1.7× Improvement on ChangeSim: Demonstrating equal effectiveness in industrial simulation environments.

Highlights & Insights¶

Elevating Change Detection from 2D "image-pair" to 3D "scene": By embedding change channels into 3DGS, change detection evolves from frame-by-frame comparison to scene-level understanding.
Ingenious Design of SH degree=0: Grounded on the assumption that "real changes are view-independent, while false positives are view-dependent", denoising is achieved by restricting the SH degree—elegantly capitalizing on the expressiveness of 3DGS.
Dual Change Detection of Feature + Structure: The complementarity between DINOv2 features and SSIM is clearly validated, where the former is robust to lighting variations and the latter captures fine structural differences.
Curation of a Real-World Dataset, PASLCD: Comprising 10 real-world scenes (indoor/outdoor), 500 annotated masks, and 91 change instances, significantly accelerating research in this field.

Limitations & Future Work¶

Difficulty in Detecting Color-Level Surface Changes: For changes that do not alter the 3D structure (e.g., liquid spills, color replacements), DINOv2 features can be insensitive.
Small Objects are Easily Missed in Large-scale Scenes: Detection performance deteriorates when encountering minute changes in spacious environments like the Playground or Lunch Room.
Overestimation of Change Masks: Due to patch-to-pixel interpolation of feature maps, the boundaries of the estimated change masks are typically larger than the ground truth.
Failure under COLMAP Registration Failure: The pipeline breaks if query scenes are extremely dark or have insufficient overlap with reference scenes for registration.
Computational Cost: Training two 3DGS models (reference + query) alongside DINOv2 feature extraction demands considerable compute resources.

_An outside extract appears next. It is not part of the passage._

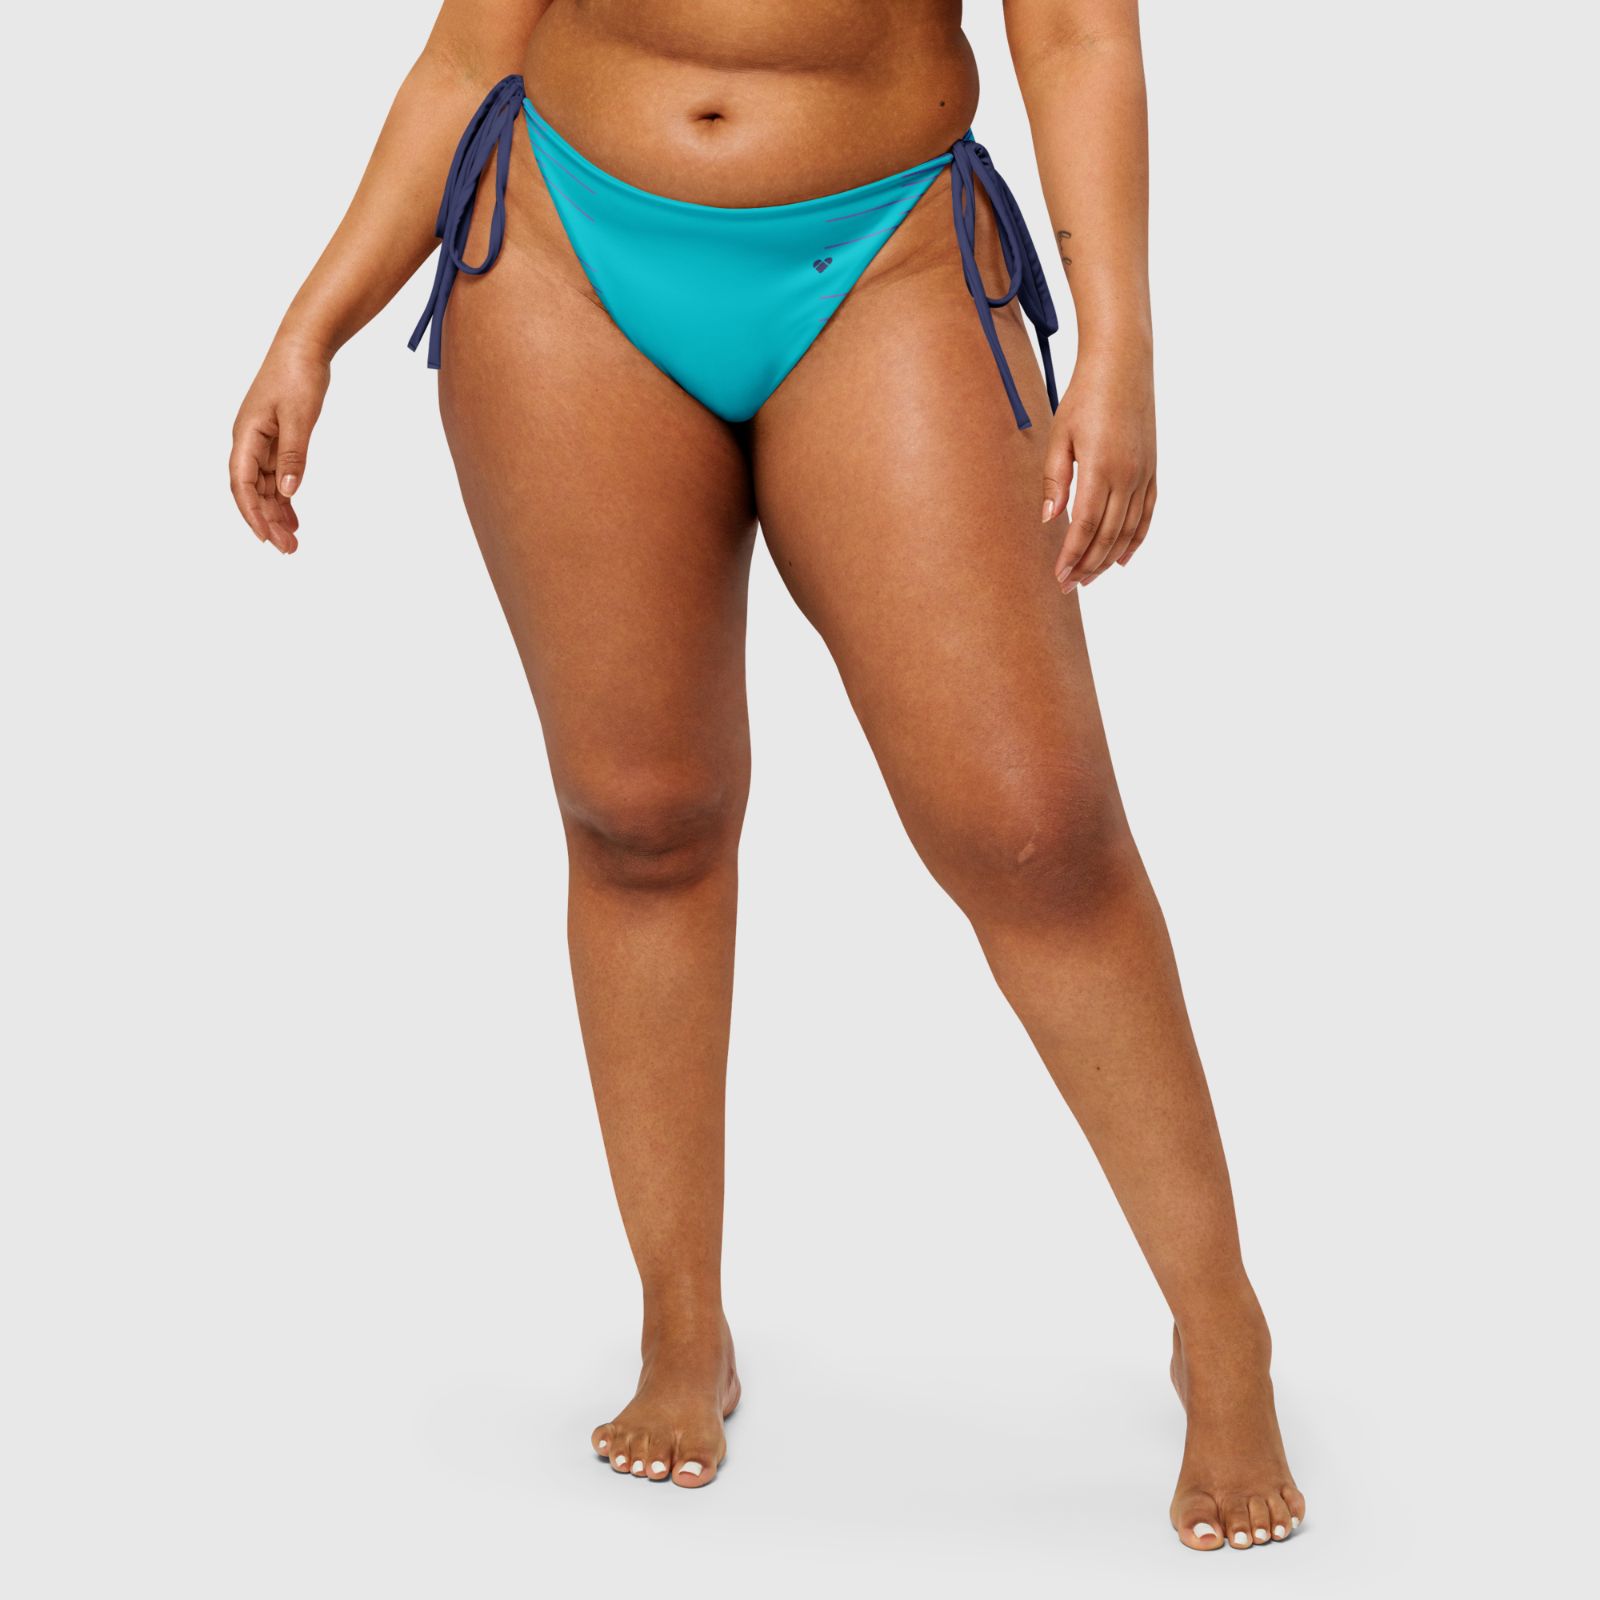 Women's Bikini Bottom in Turquoise by CRiZ AMOR

3D Gaussian Splatting [Kerbl et al., 2023]: This work extends 3DGS from a rendering framework to a change detection pipeline.
OmniPoseAD / SplatPose: Prior endeavors leveraged 3D representations for pose-agnostic anomaly detection, but were confined to single-view comparisons.
DINOv2: Acting as a robust backbone for feature-aware change masking, its zero-shot generalization capabilities across diverse scenes form the bedrock of this method's success.
SSIM: An established image quality metric is innovatively adapted for change detection, serving as a powerful complement to deep learning features.
Insight: 3D representations can serve not only rendering and reconstruction purposes but also act as a vehicle for multi-view information fusion.

Rating¶

⭐⭐⭐⭐ (8.5/10)

Novelty: ⭐⭐⭐⭐⭐ — The first multi-view label-free pose-agnostic change detection framework; the change-aware 3DGS formulation is highly novel.
Practicality: ⭐⭐⭐⭐ — Highly practical for robotic environment understanding and infrastructure monitoring.
Experimental Thoroughness: ⭐⭐⭐⭐⭐ — Benchmarked across three datasets against multiple baselines, with detailed ablation and view-count analysis.
Writing Quality: ⭐⭐⭐⭐⭐ — Structurally clear and well-written methodology, complemented by excellent figures and tables.